There, residential zoning is mixed with business zoning. There is no such
thing as a "suburb", because you have apartments nestled right next to grocery
stores, cafes, and restaurants. I don't think I ever had to walk more than 2-5
minutes to get to a convenience store. Cars still existed of course, but so
many people walked, rode bikes, or took public transit. (It helps that both
countries have extremely good public transit systems).

Once I realized how nice life could be, I started hating suburbs. I hate
having to drive 10-20+ minutes just to get food or groceries because the only
thing around you is a vast sea of houses. I hate that public transit is
basically nonexistent, or if it does exist, it's slow and not on time. I hate
having to drive, which is both unsafe and prohibits me from studying or
getting work done, because I have to pay attention to the road.

Centering around a suburb model is one of the US's greatest structural
failures.

------
mikefivedeuce
These kinds of announcements are always full of hype. Panasonic has a similar
concept in Denver. Google / Sidewalk Labs in Toronto. The practicalities of
executing on real estate development at scale is always underestimated or
neglected.
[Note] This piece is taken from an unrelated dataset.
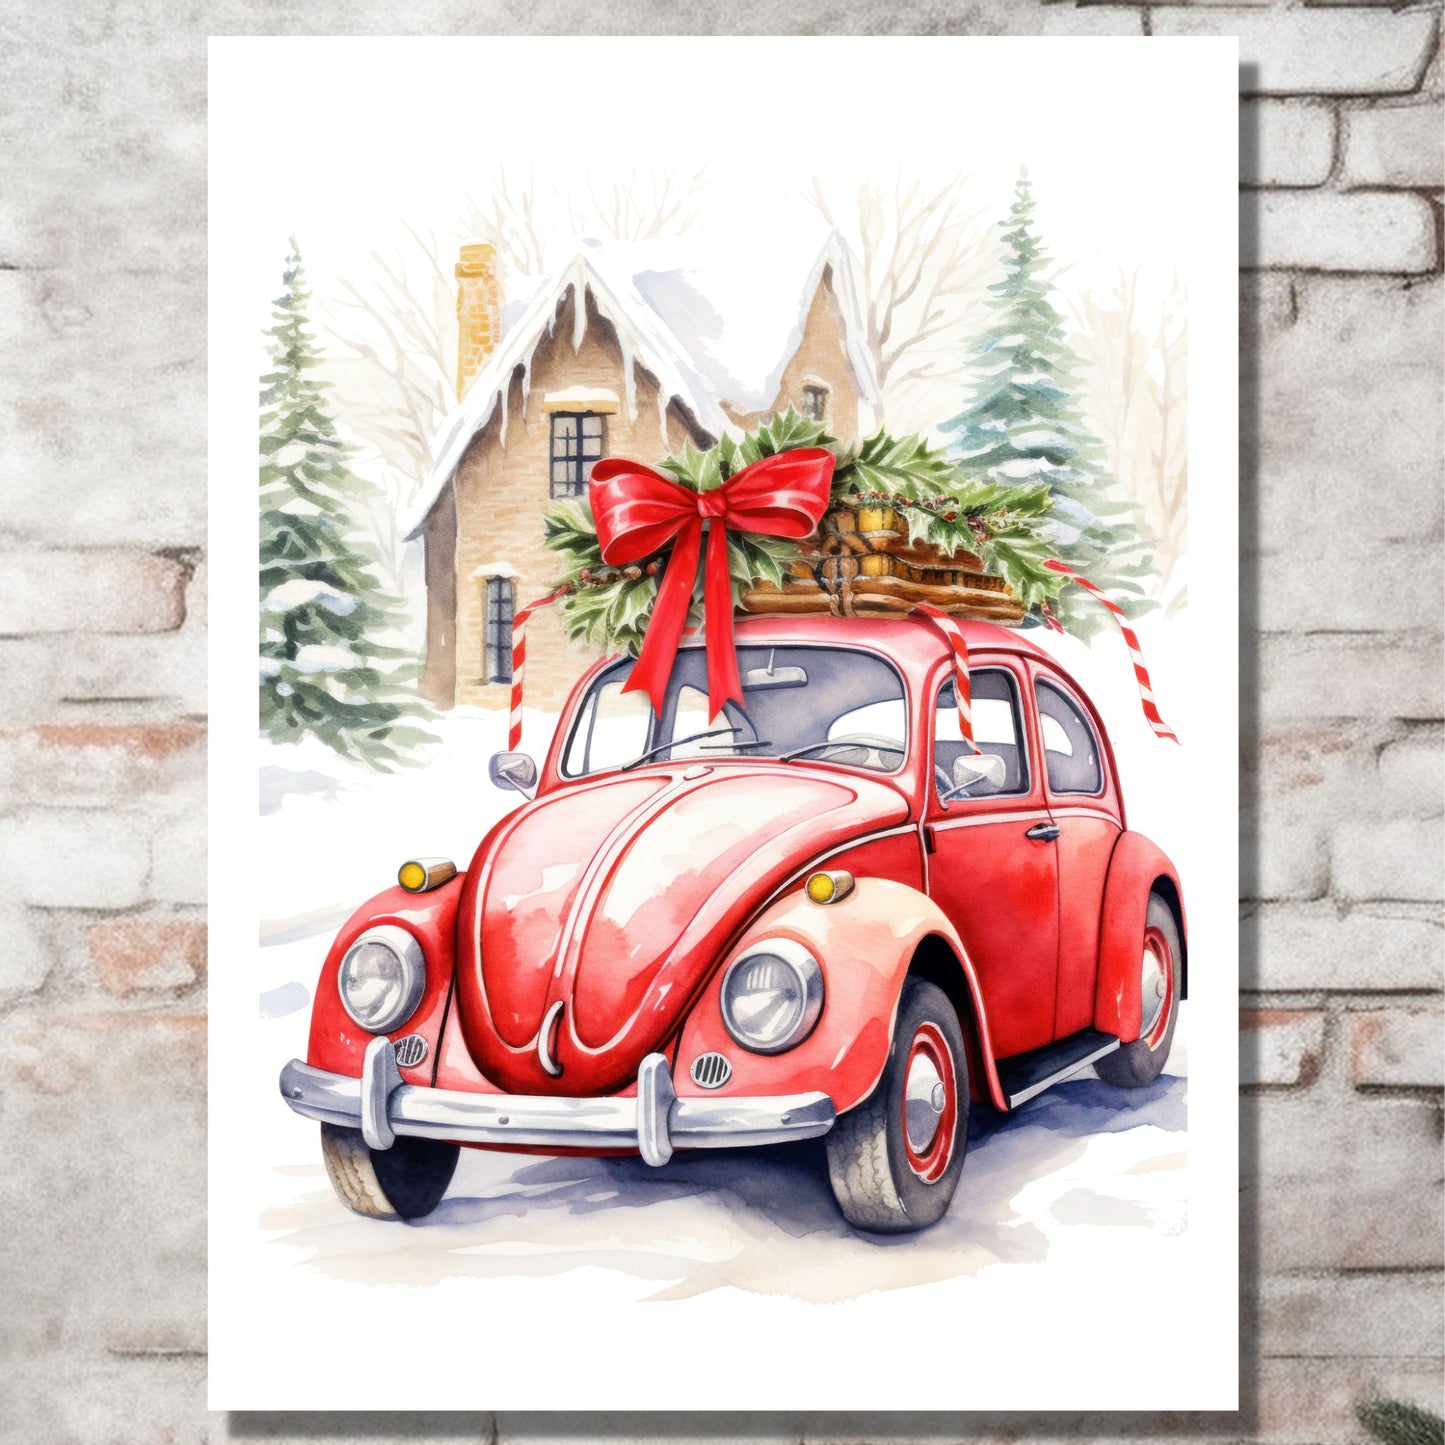 Plakat og lerret med grafisk julemotiv av gammel, rød volkswagen boble. Bilen står foran et hus, og på taket er den lastet med juledekorasjoner. På bildet henger motivet på lerret på en murvegg.

Between regulations, the labor force, and tastes of eventual
residents, the end result ends up close to the mean because the stakes (amount
of capital involved) are so high and many decisions are prohibitively
expensive to reverse.

------
Dumblydorr
This reminds me of when blogger Mr Money Moustache proposed a car free city in
Colorado, and then was flooded with media requests about when he was building
it and how.

[https://www.mrmoneymustache.com/2019/02/27/how-to-create-
rea...](https://www.mrmoneymustache.com/2019/02/27/how-to-create-reality/)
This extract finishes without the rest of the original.